01-20 09:10:36.631 D/DalAuthEventCOMMON( 8433): Offline
[0:] ERROR) SYNC (Replication): [12] 2017-1-20 09:10:36.643+08:00 State machine error:
System.NullReferenceException: Object reference not set to an instance of an object.
  at Couchbase.Lite.Internal.WebSocketChangeTracker.Start () [0x000ac] in <52da0b1f3186477b8bd33a888bd1e89c>:0 
  at Couchbase.Lite.Replicator.Puller.StartChangeTracker () [0x0023c] in <52da0b1f3186477b8bd33a888bd1e89c>:0 
  at Couchbase.Lite.Replicator.Puller.BeginReplicating () [0x000eb] in <52da0b1f3186477b8bd33a888bd1e89c>:0 
  at Couchbase.Lite.Replicator.Puller.PerformGoOnline () [0x00006] in <52da0b1f3186477b8bd33a888bd1e89c>:0 
  at Couchbase.Lite.Replication.<InitializeStateMachine>m__A (Stateless.StateMachine`2+Transition[TState,TTrigger] transition) [0x00049] in <52da0b1f3186477b8bd33a888bd1e89c>:0 
  at Stateless.StateMachine`2+ExitActionBehavior+Sync[TState,TTrigger].Execute (Stateless.StateMachine`2+Transition[TState,TTrigger] transition) [0x00000] in <3986113ba7814d109bc72451439ee2d0>:0 
  at Stateless.StateMachine`2+StateRepresentation[TState,TTrigger].ExecuteExitActions (Stateless.StateMachine`2+Transition[TState,TTrigger] transition) [0x00020] in <3986113ba7814d109bc72451439ee2d0>:0 
  at Stateless.StateMachine`2+StateRepresentation[TState,TTrigger].Exit (Stateless.StateMachine`2+Transition[TState,TTrigger] transition) [0x00036] in <3986113ba7814d109bc72451439ee2d0>:0 
  at Stateless.StateMachine`2[TState,TTrigger].InternalFireOne (TTrigger trigger, System.Object[] args) [0x0005b] in <3986113ba7814d109bc72451439ee2d0>:0 
  at Stateless.StateMachine`2[TState,TTrigger].InternalFire (TTrigger trigger, System.Object[] args) [0x0002f] in <3986113ba7814d109bc72451439ee2d0>:0 
  at Stateless.StateMachine`2[TState,TTrigger].Fire (TTrigger trigger) [0x00000] in <3986113ba7814d109bc72451439ee2d0>:0 
  at Couchbase.Lite.Replication+<FireTrigger>c__AnonStorey0.<>m__0 () [0x00000] in <52da0b1f3186477b8bd33a888bd1e89c>:0 
[0:] INFO) SYNC (Replication): [12] 2017-1-20 09:10:36.660+08:00 Pusher 660a1ffb-ca8f-478f-a9ad-d6330b88f3ff successfully logged in!
[0:] INFO) SYNC (Replication): [12] 2017-1-20 09:10:36.664+08:00 Pusher 660a1ffb-ca8f-478f-a9ad-d6330b88f3ff no local checkpoint, not getting remote one

This is looking a lot like https://github.com/couchbase/couchbase-lite-net/issues/803 which I thought was fixed but maybe I’m mistaken…
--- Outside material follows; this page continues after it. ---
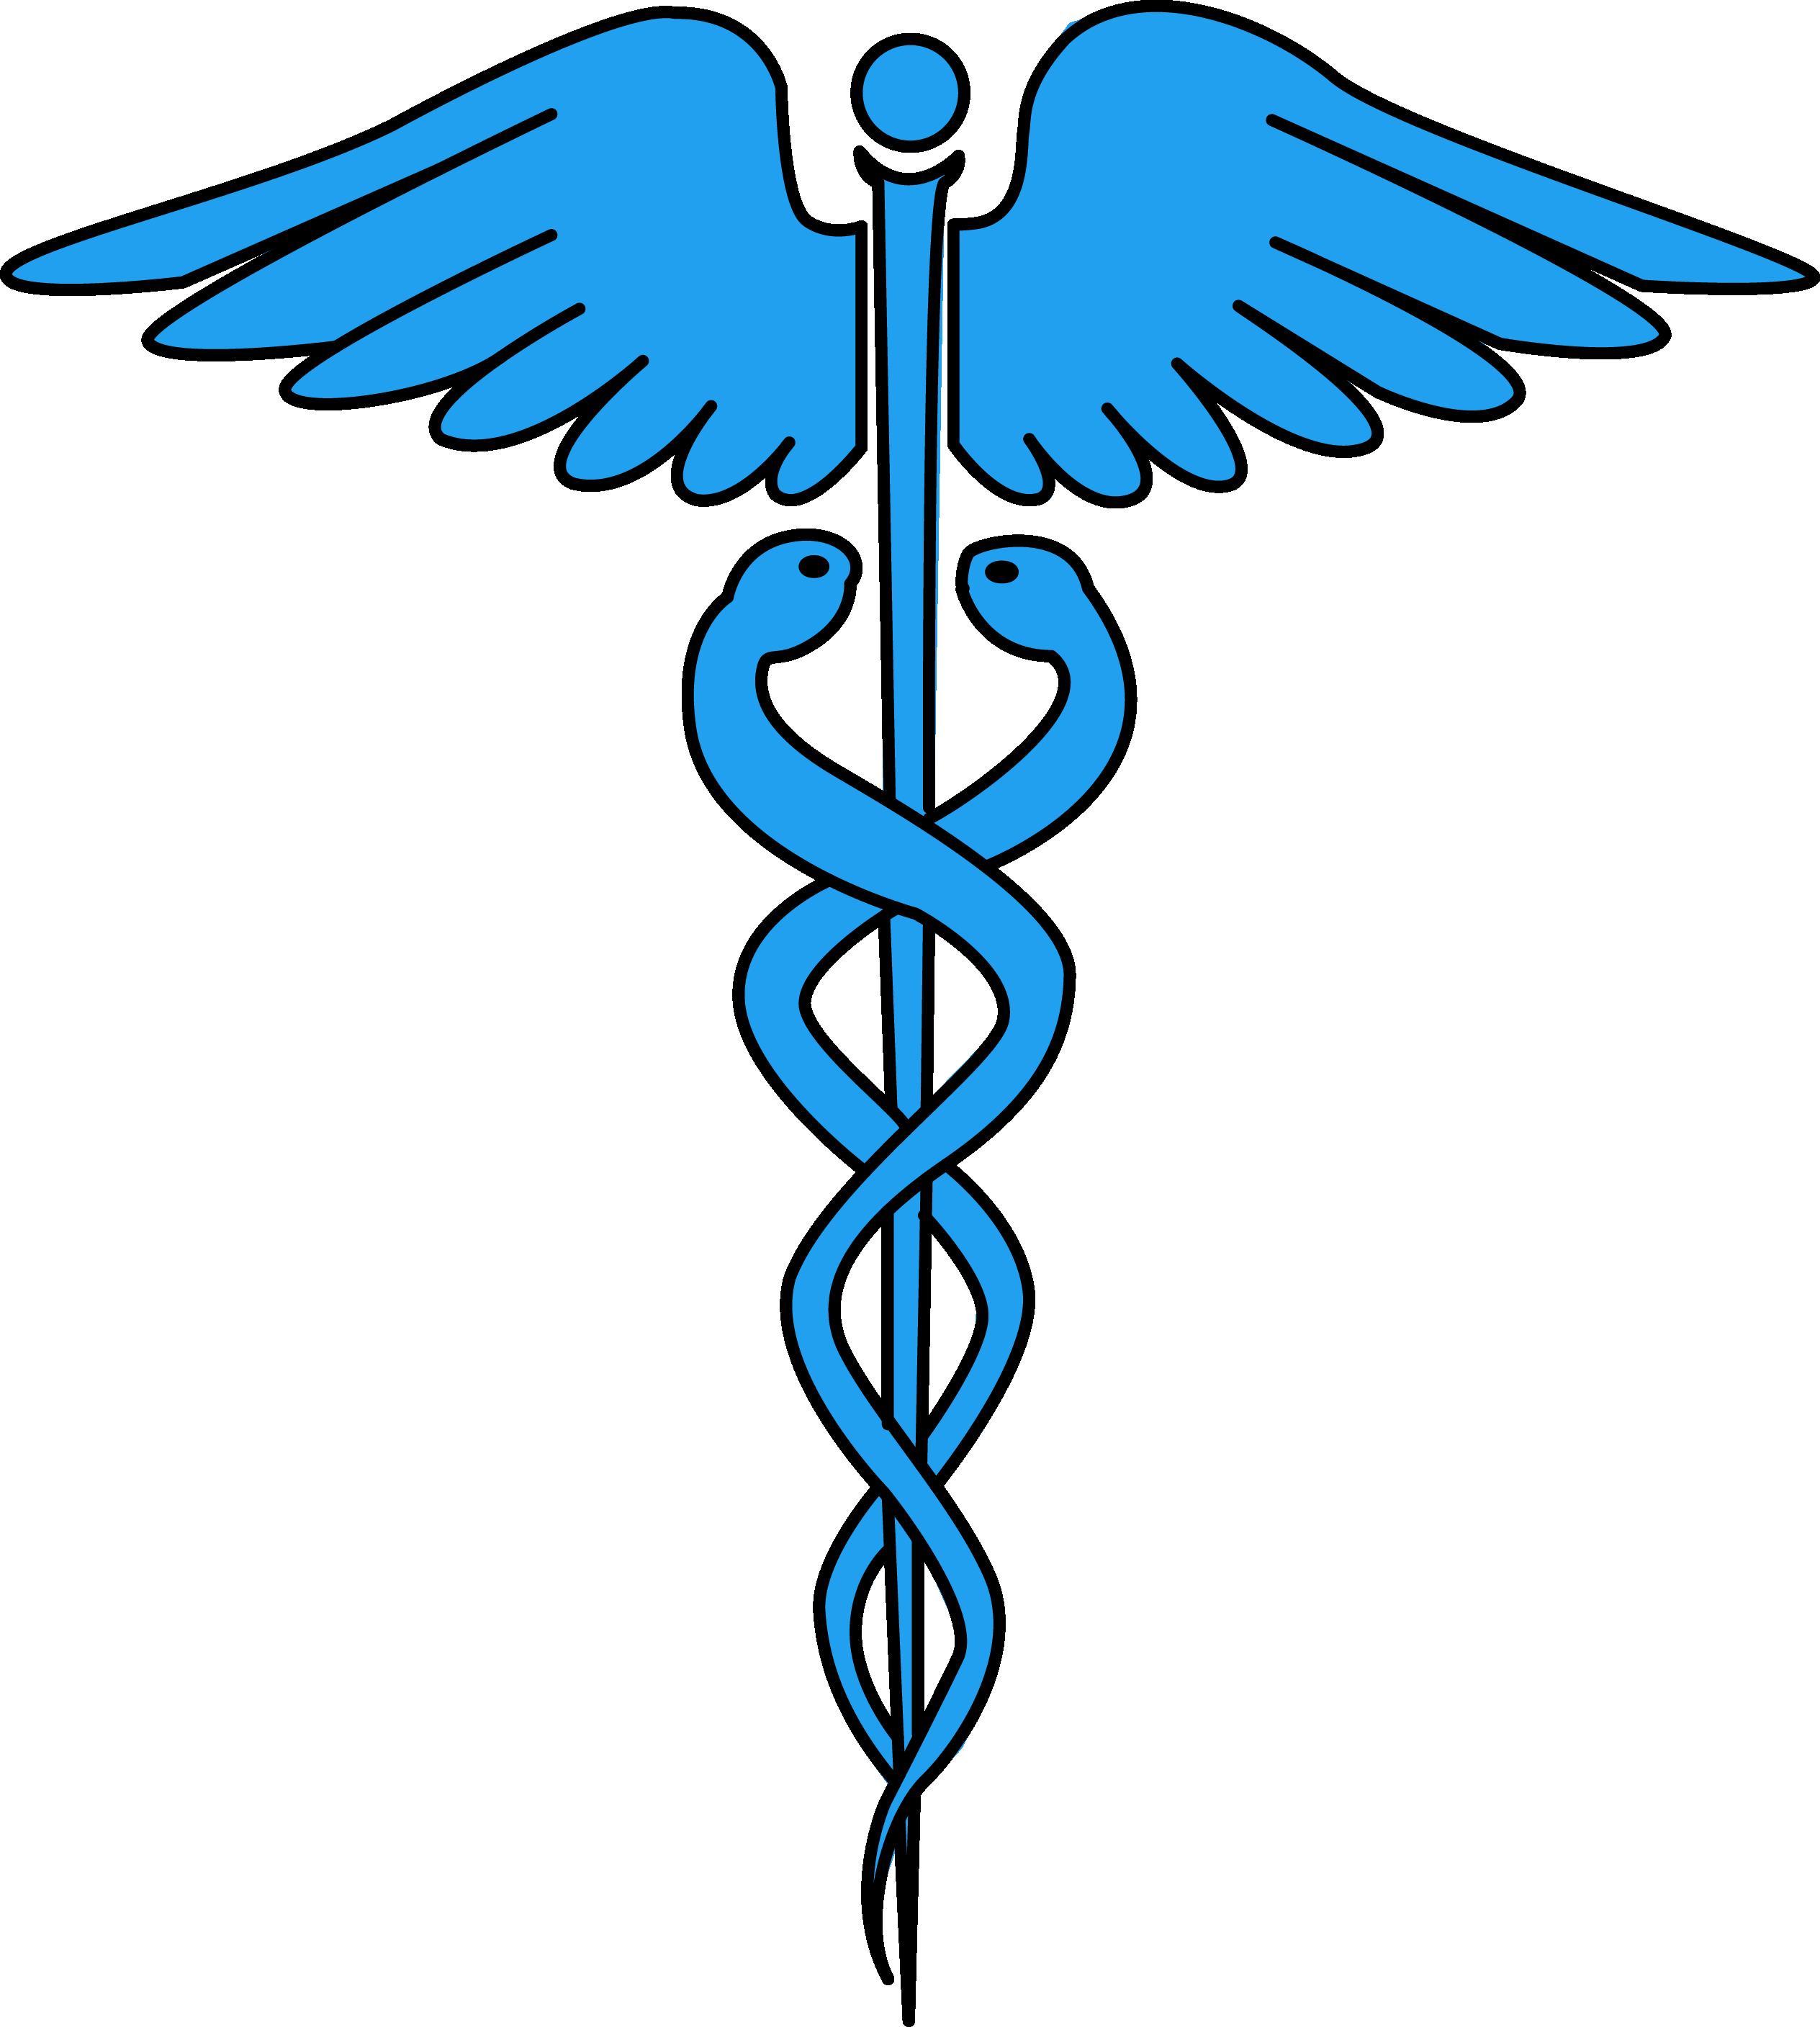 Image For Free Caduceus Medical Symbol Health High - Caduceus Medical Symbol (2528x2815)

I will double check the fix for it.

I added in another null check but it occurs to me that this problem was fixed very recently and so I wonder if you actually have build 28 on the device. It could be stale thanks to Xamarin Android’s less than stellar record of leaving behind old files. That would also explain why your colleague’s device is working. The logs should say near the beginning the version of the assemblies that are loaded.

Seems to be working after deleting all the things, thanks.